Over the last several years, AMD has encountered a number of challenges. On the manufacturing and CPU side, the competition with Intel has been brutal. Intel delivered a decisive combination of a 45nm manufacturing process with a novel high-k and metal gate stack in 2007 that dramatically boosted transistor performance and efficiency, and the new Nehalem microarchitecture in 2008. At the same time, AMD was struggling to consistently deliver competitive products and was grappling with the spin-out of their manufacturing to Global Foundries (which will eventually have a high-k, metal gate stack ready at 32nm in 2011).
At the same time, the graphics business at AMD has been a bright spot for the company. The graphics division has been consistently improving their product line in every generation and took major steps forward with the 55nm RV770. The results have been quite spectacular and AMD has leapt from roughly a third of the discrete graphics card market in 2008 to a hair over 50% in the middle of 2010. Certainly the graphics group has had a few mis-steps, and their performance in the workstation market is still quite poor; but the overall trend is a very positive one.
There are several factors at play here. The first is that AMD has very slowly and cautiously embraced general purpose computing on GPUs, and focused their resources first and foremost on graphics. In contrast, Nvidia has blazed a trail in GPU computing with Fermi, where they have carved out a leadership position in a new and lucrative market, but that has come with a cost in their core graphics business. The second factor is that as GPUs have moved from the 65nm node down to 40nm, the physical design has become increasingly challenging. At each new generation, foundries and device manufacturers are faced with continuing Moore’s Law and improving performance and power efficiency. Unfortunately, some of these challenges ultimately manifest as problems in circuit design, power consumption and yield. In terms of physical design prowess, AMD is simply ahead of Nvidia. Part of this is cultural – Nvidia has always had far better software, while ArtX (which was acquired by ATI) was a top notch chip design company. Moreover, AMD has considerable physical design expertise from the CPU and manufacturing division that was beneficial to the graphics group. As a result, AMD simply had a smoother ride to advanced CMOS technology than Nvidia.
Of course, there were considerable bumps along the way. One of the challenges for AMD (and specifically Cayman and Barts) came from their manufacturing partner TSMC. Historically, TSMC had both a mainline logic node (e.g. 65nm) and then a half-node shrink (e.g. 55nm), which was good for a mild boost in density and transistor performance. In late November of 2009, TSMC announced that it had cancelled the 32nm node, due to relatively small volumes on the node. Instead, they would focus all their efforts on the 28nm node. For many customers, this was not an issue – however, AMD was quite far along on a next generation GPU that did target 32nm. Rather than cancel the project, it was retargeted for the proven and mature 40nm and moved up to the end of 2010 (and renamed Cayman). To accomplish this rescheduling though, AMD had to extensively rely on design re-use from previous generations.

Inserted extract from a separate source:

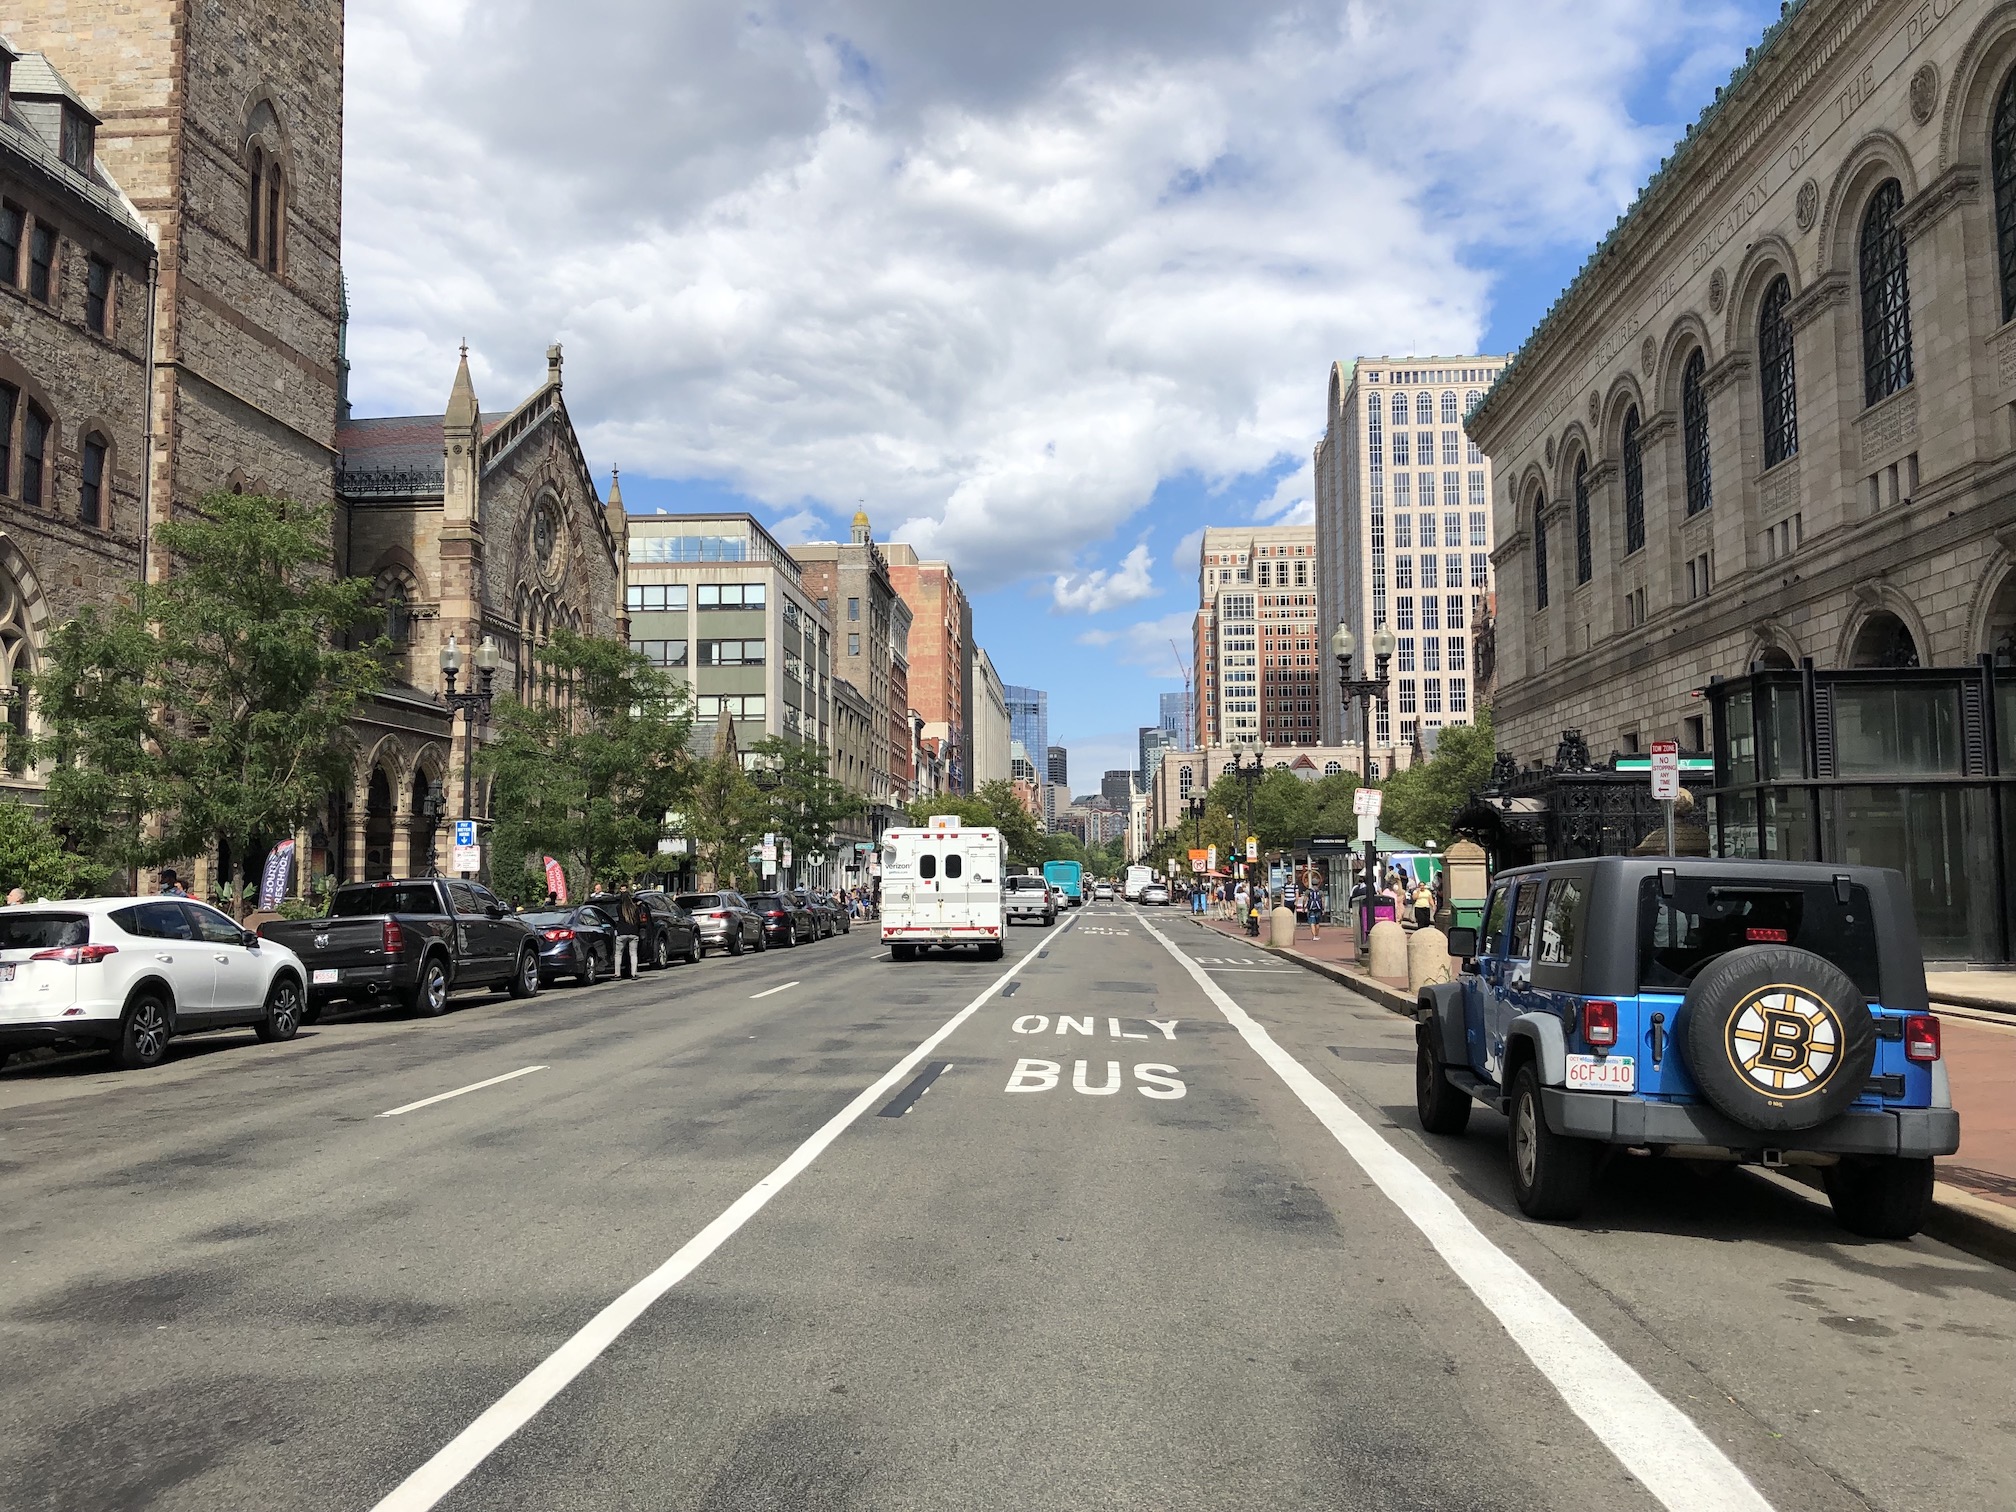 A view down an empty "bus only" lane on Boylston Street, looking towards downtown Boston, on the day before Orange Line replacement bus shuttle service takes effect.
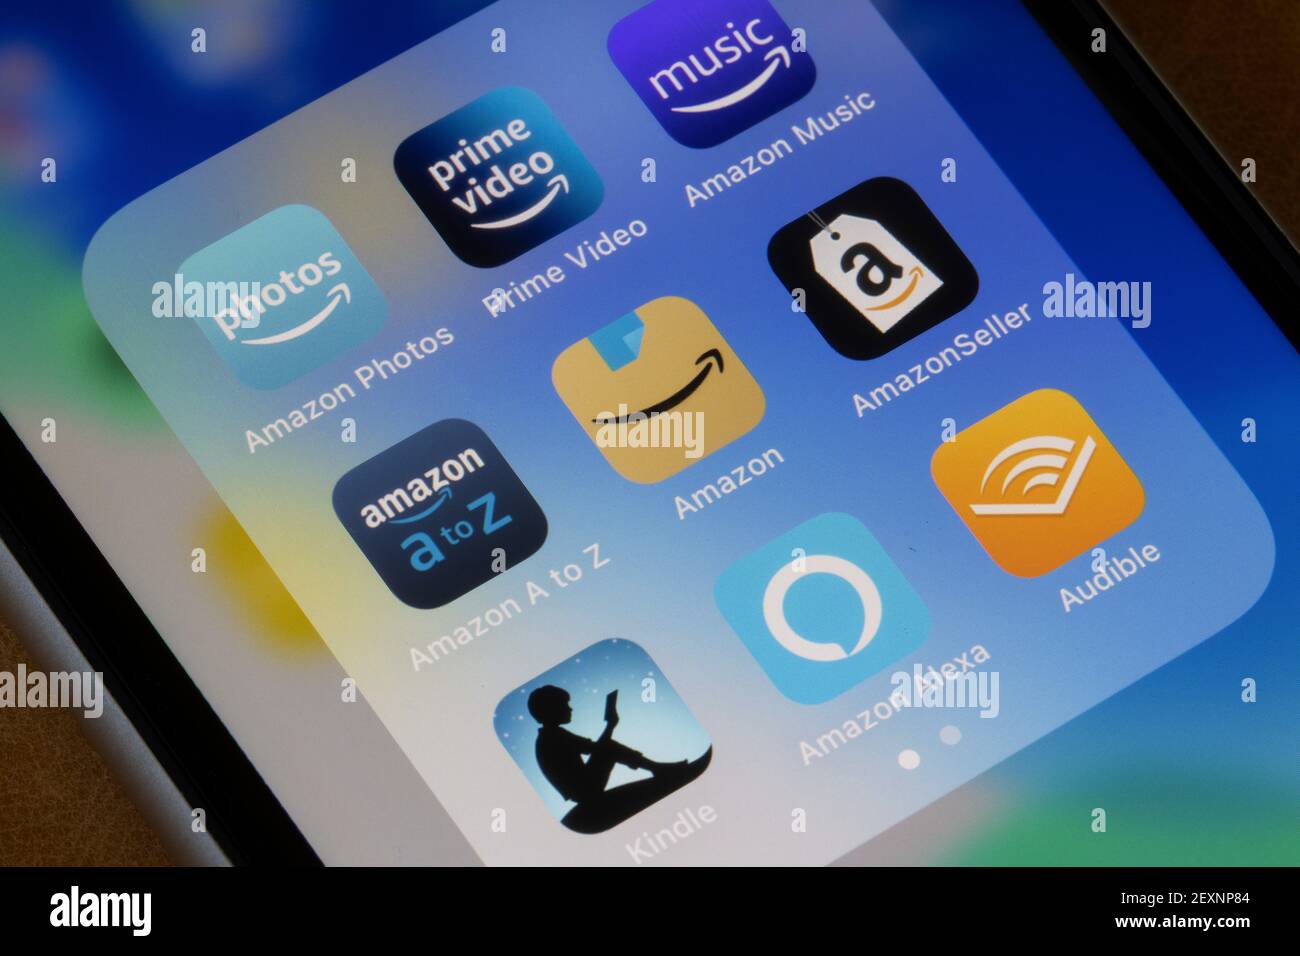 Assorted apps by Amazon are seen on an iPhone - Amazon Photos, Music, Prime Video, A to Z, Amazon Shopping, Amazon Seller, Kindle, Alexa, and Audible. Stock Photo

After a highly compressed development cycle, AMD is launching the 40nm Cayman based GPUs. Cayman is the biggest microarchitecture change since the RV770. The headline is a move from a 5-wide VLIW to a 4-wide symmetric VLIW, but there are also a number of other incremental enhancements intended for both graphics and more general workloads. Cayman represents a step in the direction towards GPU computing, but a modest and evolutionary improvement in programmability, rather than a wholesale revolution. In this report, we will explore the Cayman architecture, with an eye towards compute oriented workloads.